YAML Metadata Warning:empty or missing yaml metadata in repo card

Check out the documentation for more information.

ONNX OneHotEncoder cats_strings Feature-Column Binding Authority Gap

Summary

An ONNX model file contains a runtime-consumed ML operator attribute (ai.onnx.ml.OneHotEncoder.cats_strings) that binds categorical input values to one-hot output column positions before numeric scoring. A crafted ONNX model can mutate cats_strings ordering while keeping downstream LinearClassifier.coefficients byte-identical, causing the same categorical input to activate a different coefficient column and produce a different score and flipped prediction class.

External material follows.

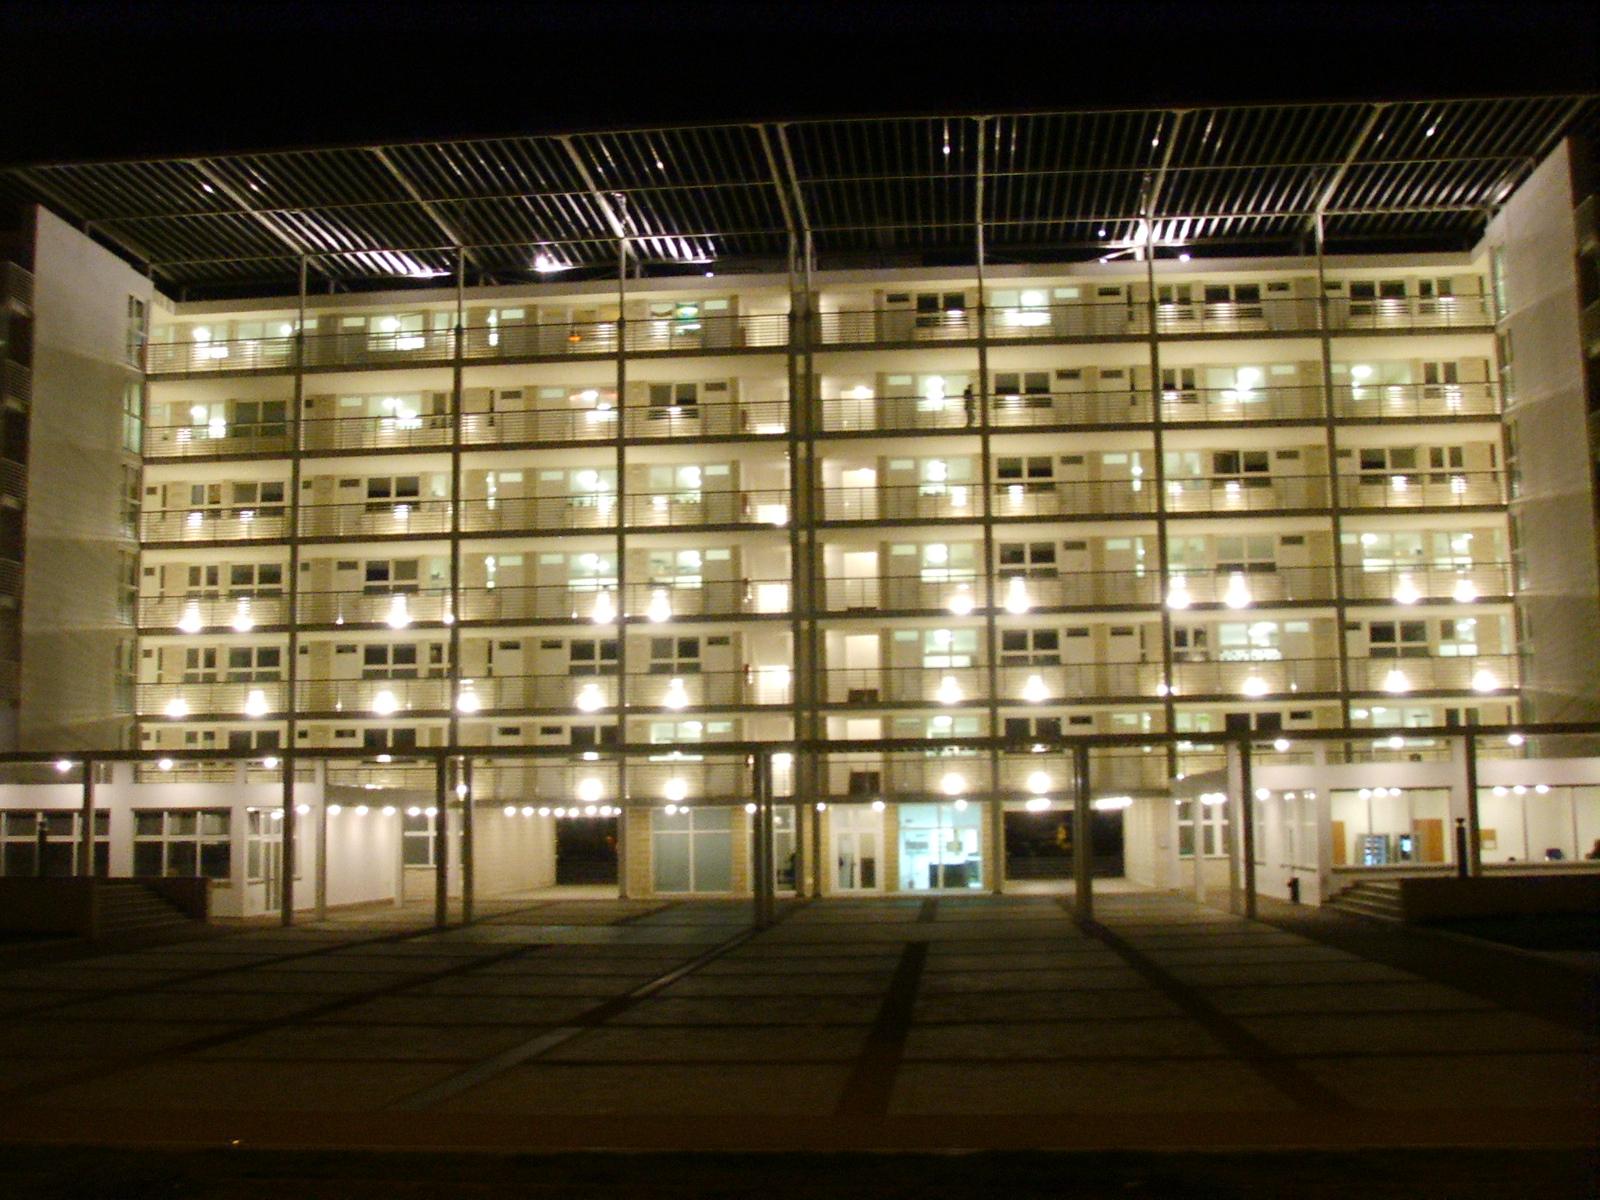 FileCasa dello studente firenze night 04JPG  Wikimedia Commons

This is not output label substitution. This is not classlabels_strings. This is pre-score categorical feature-column binding — the mutation happens before numeric computation.

Affected Product

Format: ONNX model file (.onnx)
Root operator: ai.onnx.ml.OneHotEncoder
Root attribute: cats_strings
Downstream consumer: ai.onnx.ml.LinearClassifier (coefficients unchanged)
Runtime: onnxruntime Python package

Vulnerability Details

ai.onnx.ml.OneHotEncoder.cats_strings is a runtime-consumed operator attribute that determines the one-hot column position for each categorical input value. When a victim loads and runs an ONNX model:

import onnxruntime as ort
import numpy as np

sess = ort.InferenceSession("model.onnx")
label, scores = sess.run(None, {"input": np.array(["apple"])})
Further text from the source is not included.